KBR, Inc. (KBR - Free Report) has been benefiting from high end and differentiated government services work, strong margin performance, along with proficient technology and consulting services. Shares of the company have gained 2.4% in the past six months against its industry’s 4.8% decline. Encouragingly, the company’s earnings surpassed the Zacks Consensus Estimate in five of the past seven quarters.
Meanwhile, earnings estimates have been upwardly revised over the past few weeks, suggesting that sentiments on KBR are moving in the right direction. Earnings estimates for 2018 and 2019 have moved up 4.1% and 1.2%, respectively, over the past 30 days. This positive trend signifies bullish analysts’ sentiments and justifies the company’s Zacks Rank #2 (Buy), indicating robust fundamentals and the expectation of outperformance in the near term. You can see the complete list of today’s Zacks #1 Rank (Strong Buy) stocks here.
Let’s delve deeper into the other factors that make this stock a solid pick.
What Makes KBR a Solid Bet?
Strong Growth in Government Services & Technology Businesses: KBR's revenue momentum is underpinned by industry-leading organic growth from Government Services and Technology businesses. The company’s Government Services segment, accounting for almost 73% of the total revenues, has been performing pretty well. Presently, the company is banking on the strength of Government Services businesses to optimize its growth potential.
Organically, sales grew 12% in the third quarter, following a 11% increase in both the second and first quarter in the Government Services business. Ongoing growth in KBR’s overseas logistics and mission support programs with higher military exercise activities, increased outsourcing of sustainment activities by the military and the ramp up of the new wins led to the growth. Moreover, higher tasking for various missile defense and other military priorities in its engineering business areas, under select IDIQ contracts, also led to the upside.
Meanwhile, KBR’s Technology segment, contributing 6.3% to the total revenues, has generated 35% sales growth, on an organic basis, in the third quarter. The company continues to experience strong demand for petrochemical, refining and agricultural technologies, driven by availability of competitively priced feedstock combined with increasing global development, expanding consumer demand and increasingly stringent environmental policies.
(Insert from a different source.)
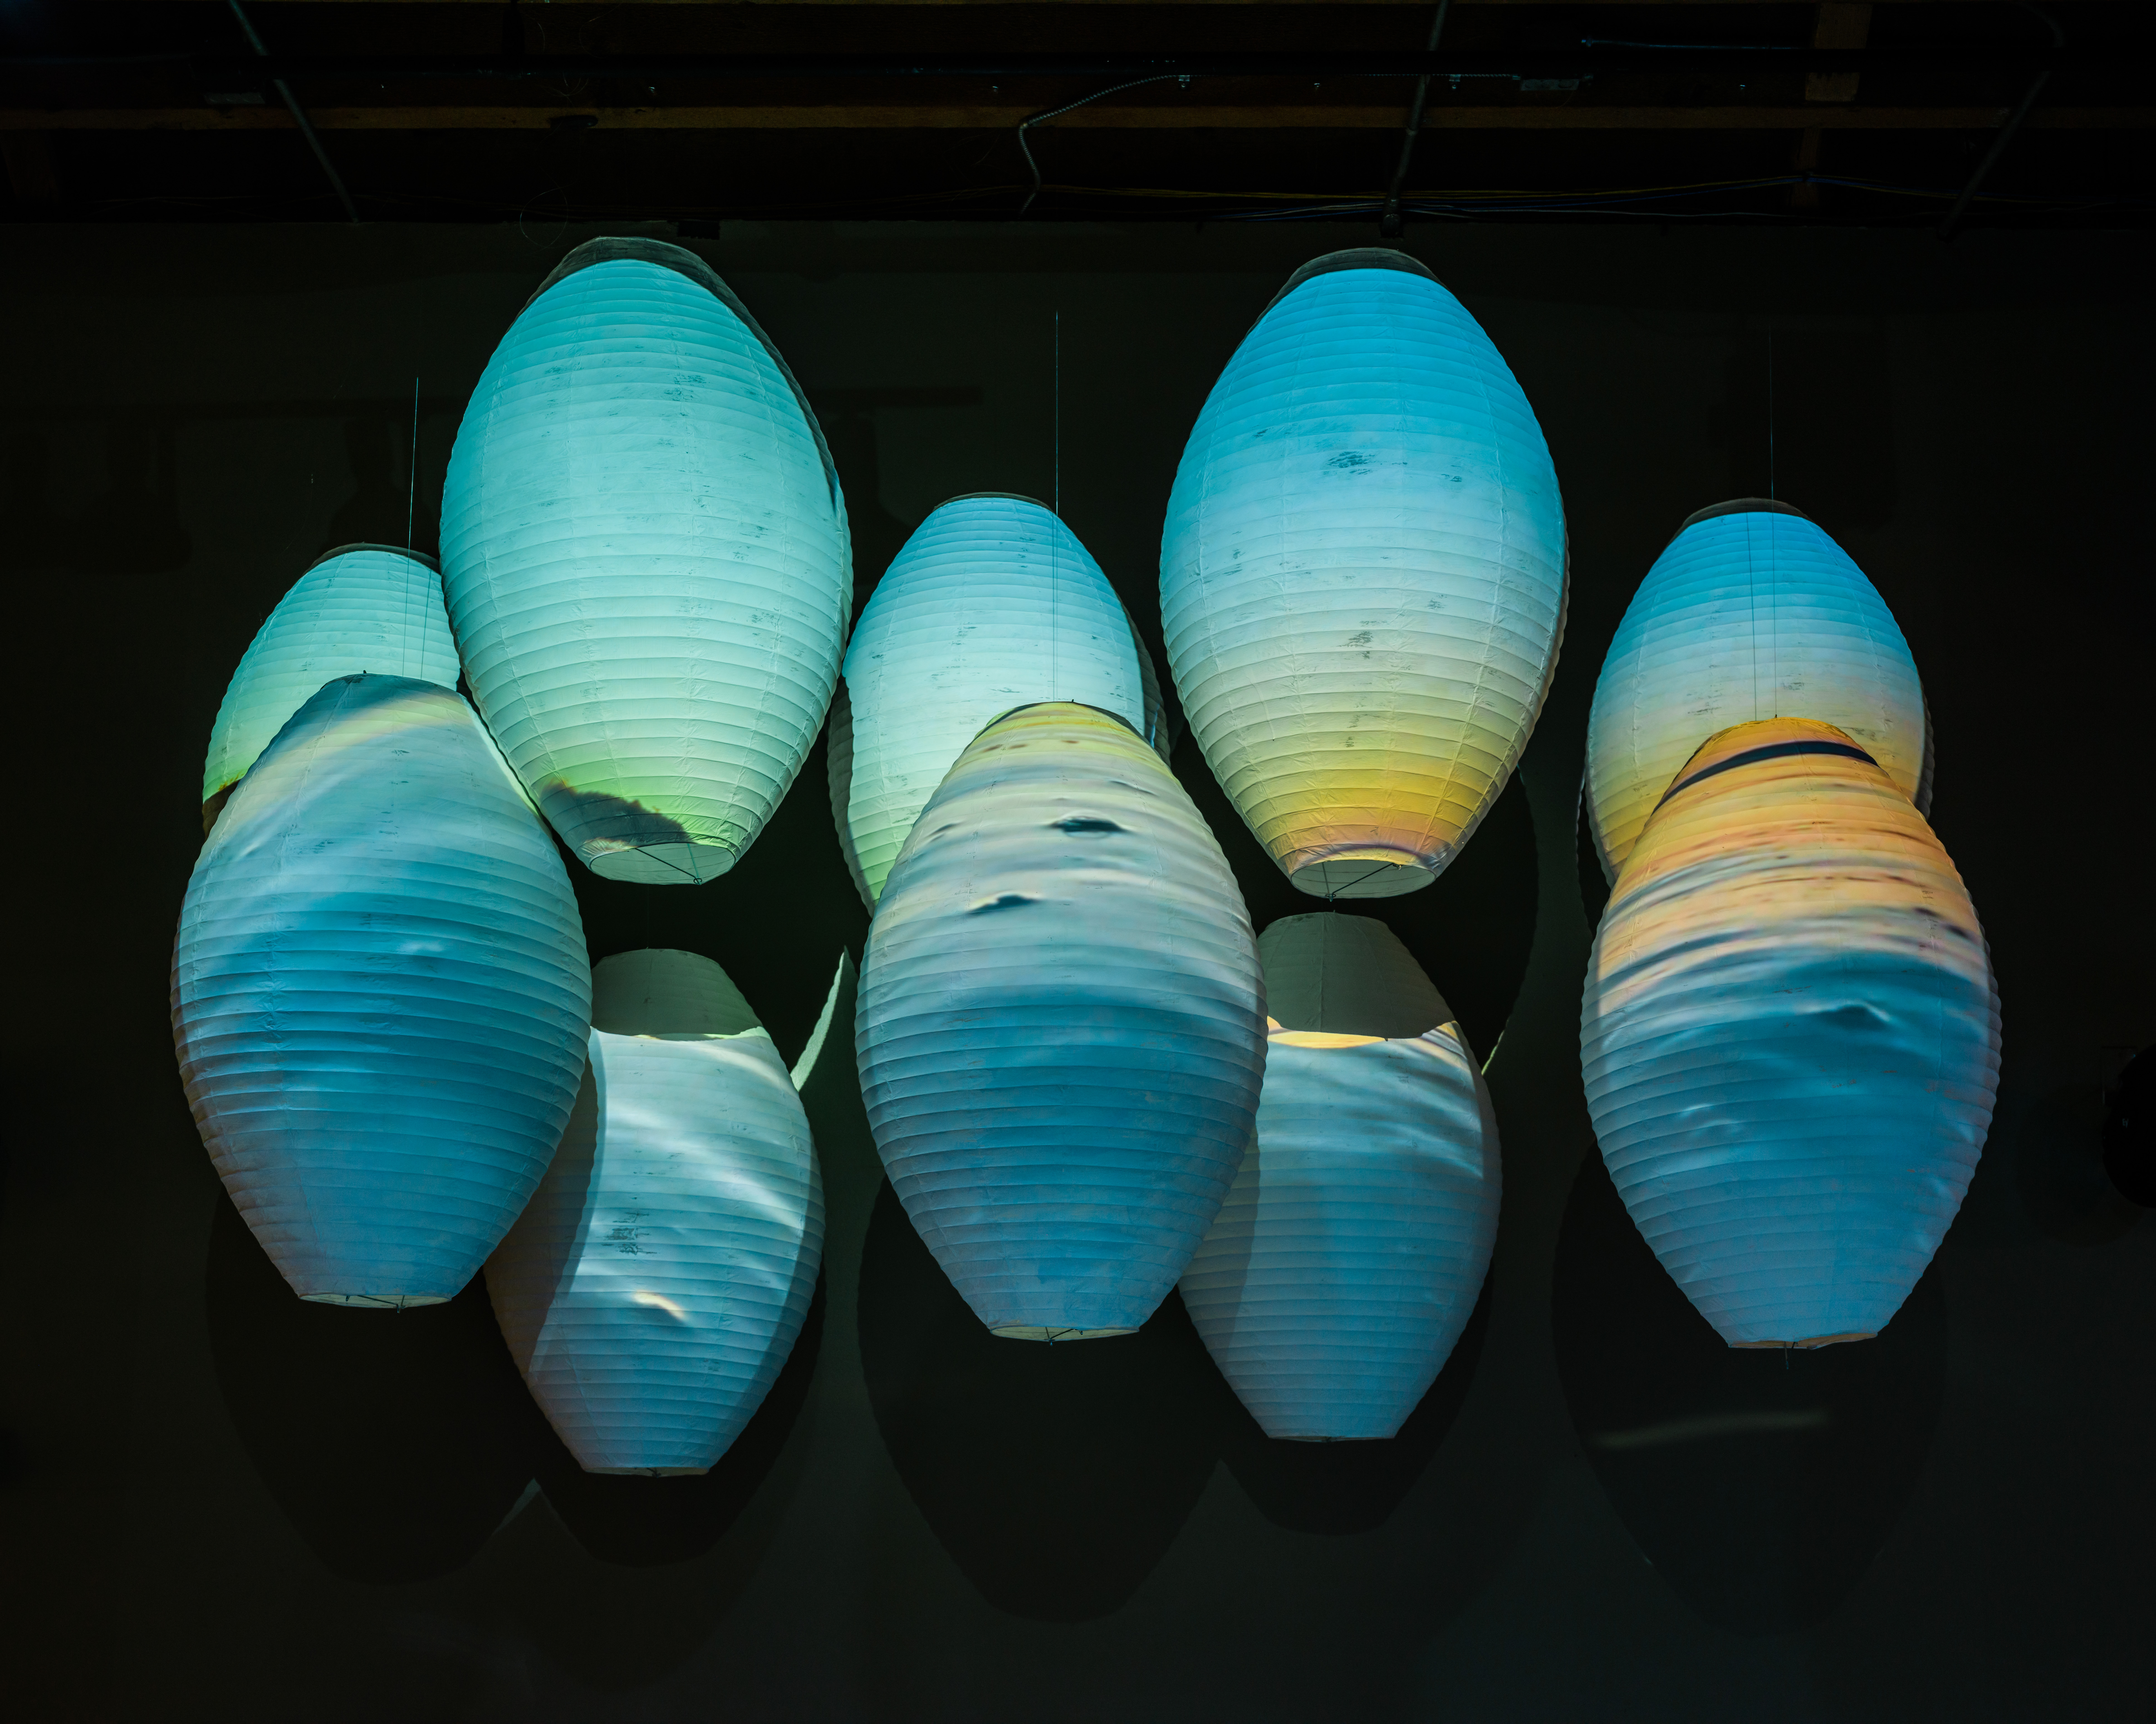 Blue and orange gradients projected onto 10 egg-shaped hanging sculptures
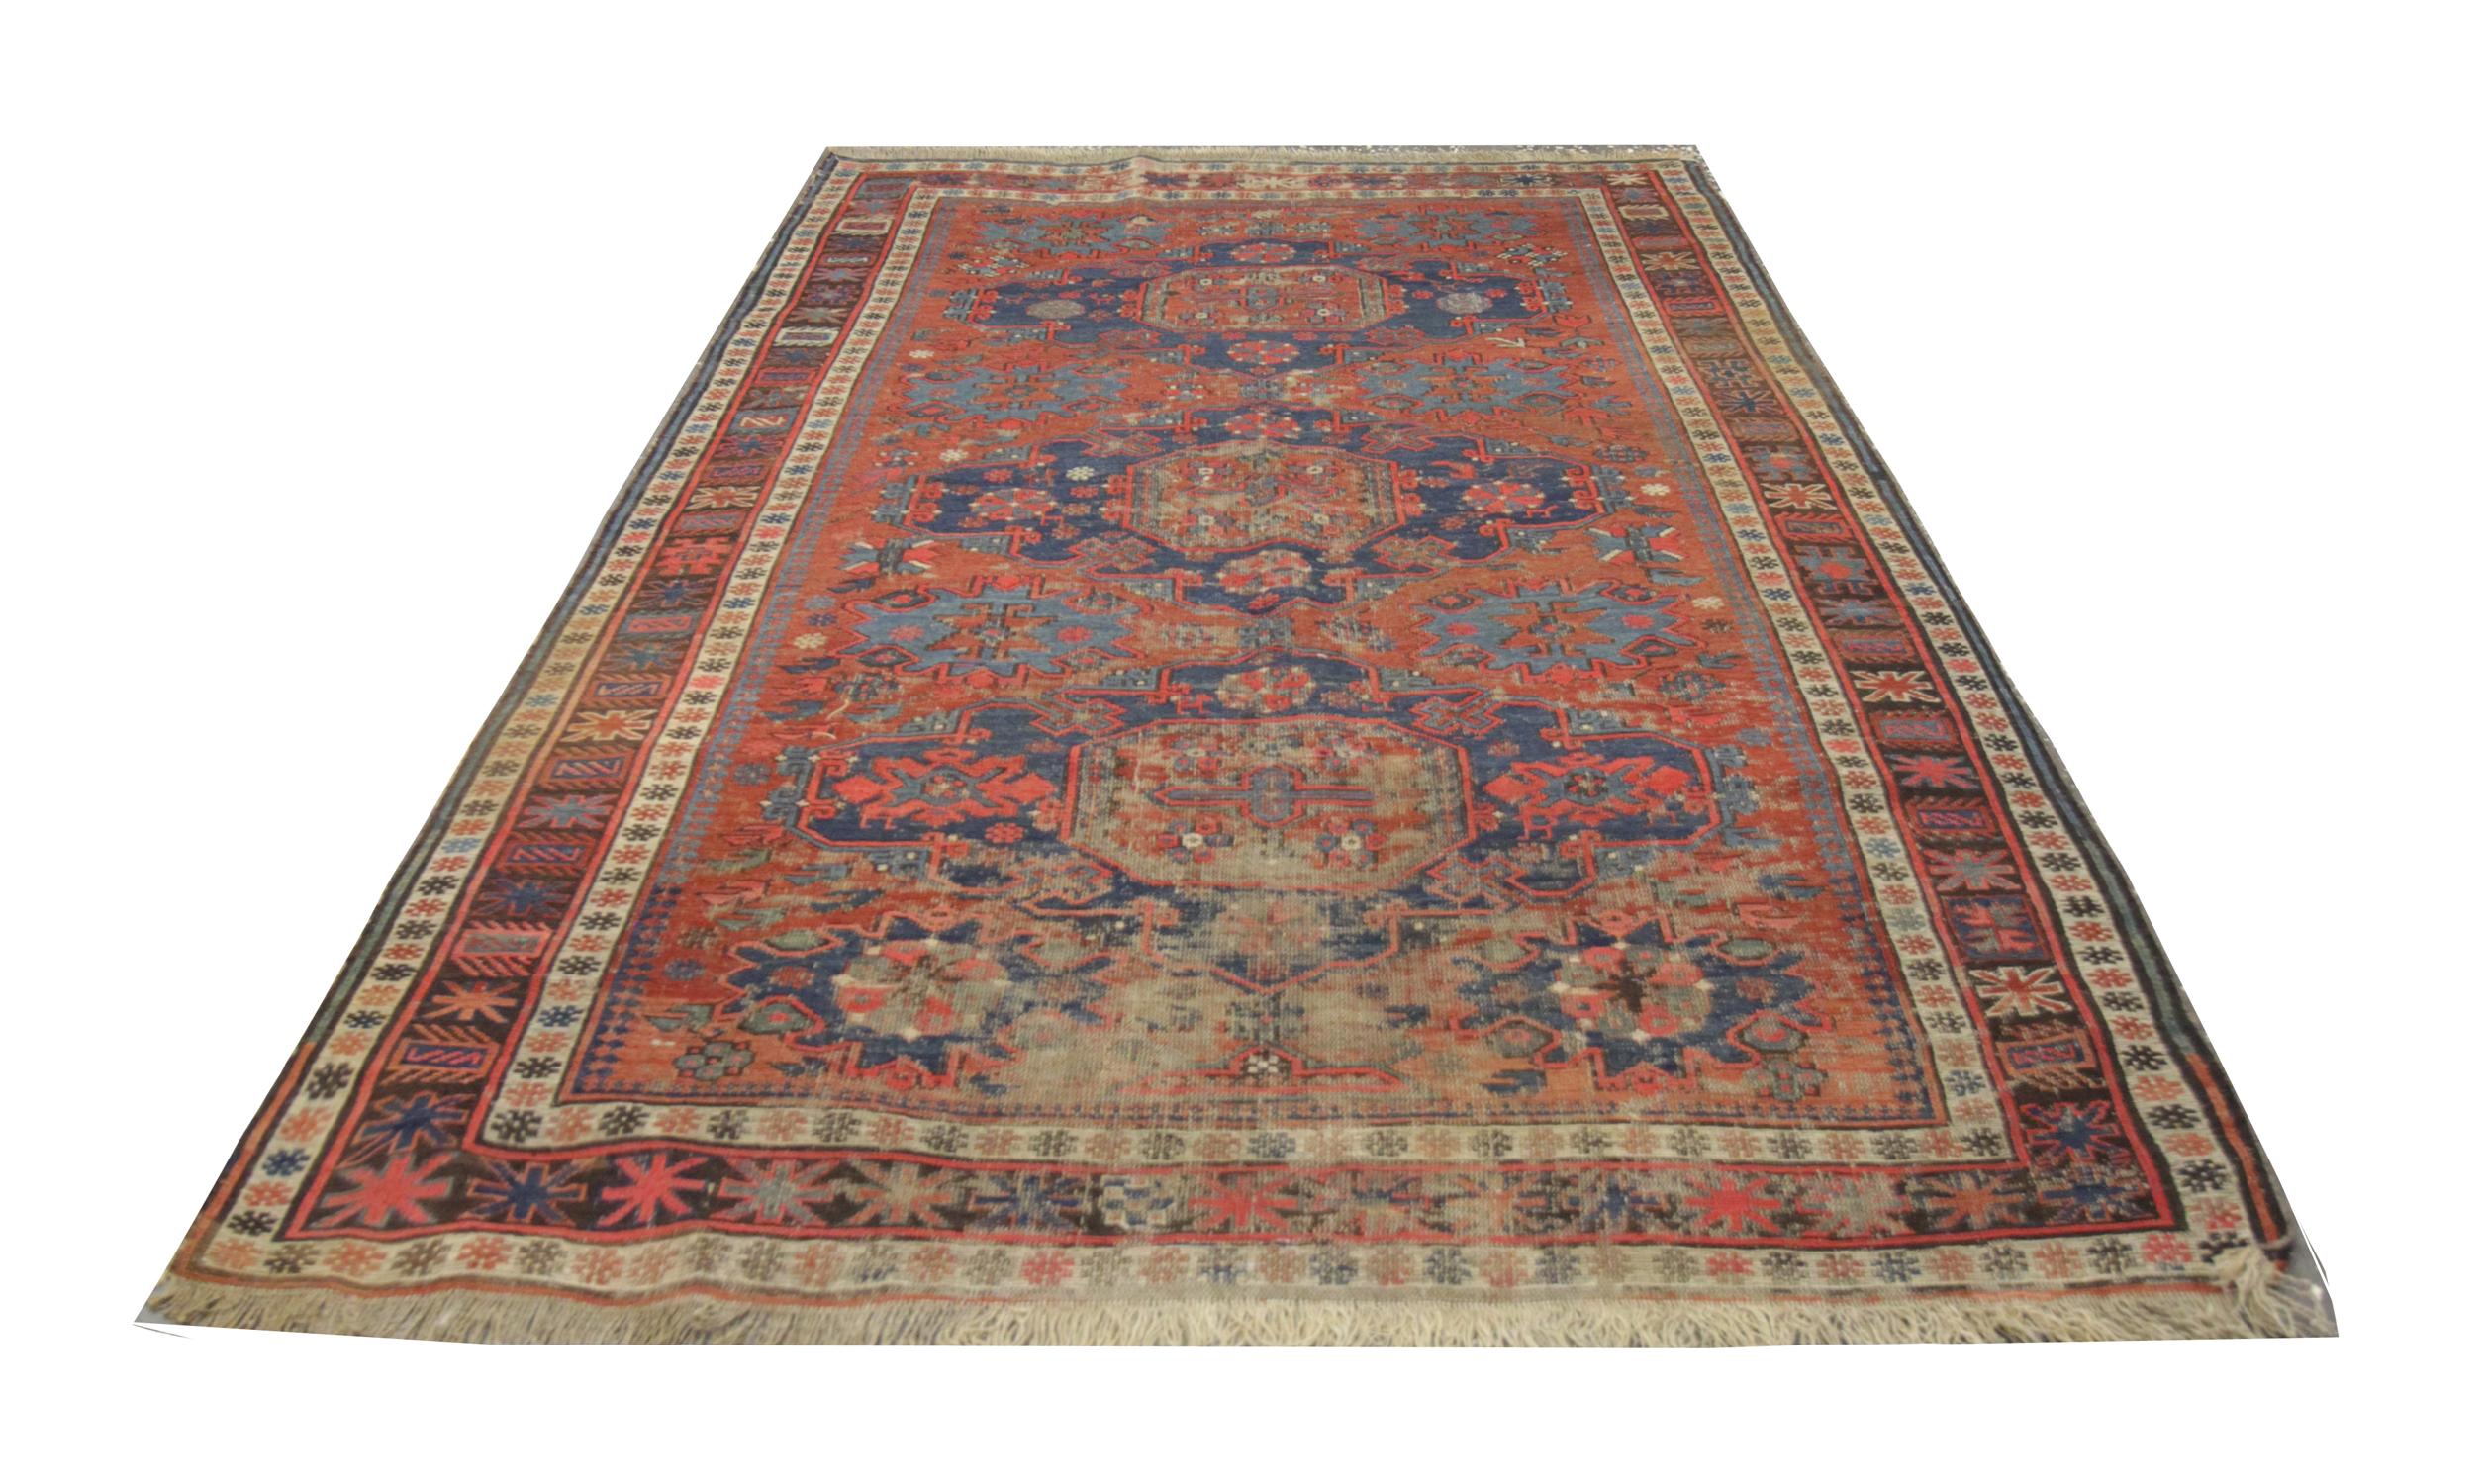 Featuring red and blue colorways in a geometric repeat central design which is enclosed by a triple layer highly detailed border. This high-quality area rug was hand knotted in the 1880s with hand-spun, vegetable-dyed wool and cotton, by some of the

Strong Backlog & Upbeat Views: KBR’s backlog level of $13.5 billion (as of Sep 30, 2018) highlights its underlying strength. Notably, more than 80% of KBR’s backlog represents work in the Government Services. Majority of these Government Services are long-term reimbursable service annuity-type contracts that have significantly lower risks than some of its other projects. The company believes that this will ultimately help in margin expansion and considerably de-risking the business. Despite a slow backlog in Hydrocarbons, KBR generated 1.1x book-to-bill in the third quarter, reflecting faster turnaround projects in Government Services.
Meanwhile, buoyed by strong year-to-date performance, KBR raised its full-year 2018 guidance. The company, which shares space with Fluor Corporation (FLR - Free Report) , Jacobs Engineering Group Inc. (JEC - Free Report) and Quanta Services, Inc. (PWR - Free Report) in the Zacks Engineering - R and D Services industry, currently expects adjusted earnings per share in the band of $1.45-$1.55 from $1.45-$1.50 expected earlier.
Strategic Acquisitions: KBR has a penchant for acquisitions and strategic alliances, in order to bolster inorganic growth and expand market share. In April 2018, it completed SGT and Aspire acquisitions. The company recorded double-digit organic growth and higher margins in each of the second as well as the third quarter of 2018, supported by these two acquisitions. It remains optimistic about the prospects of both the buyouts, mainly on account of increased government spending across space and defense. Last year, the company completed several strategic acquisitions, including two established and highly technical government services companies. It also acquired a specialty welding and turnarounds company through Brown & Root joint venture.
Superior ROE: KBR’s return on equity (“ROE”) supports its growth potential. The company’s ROE of 13.4% compares favorably with the industry’s average of 11.2%, implying that it is efficient in using its shareholders’ funds.
Solid VGM Score: KBR has a VGM Score of A. Our VGM Score identifies stocks that have the most attractive value, growth and momentum characteristics. In fact, our research shows that stocks with a VGM Score of A or B, when combined with a Zacks Rank #1 or 2, make solid investment choices.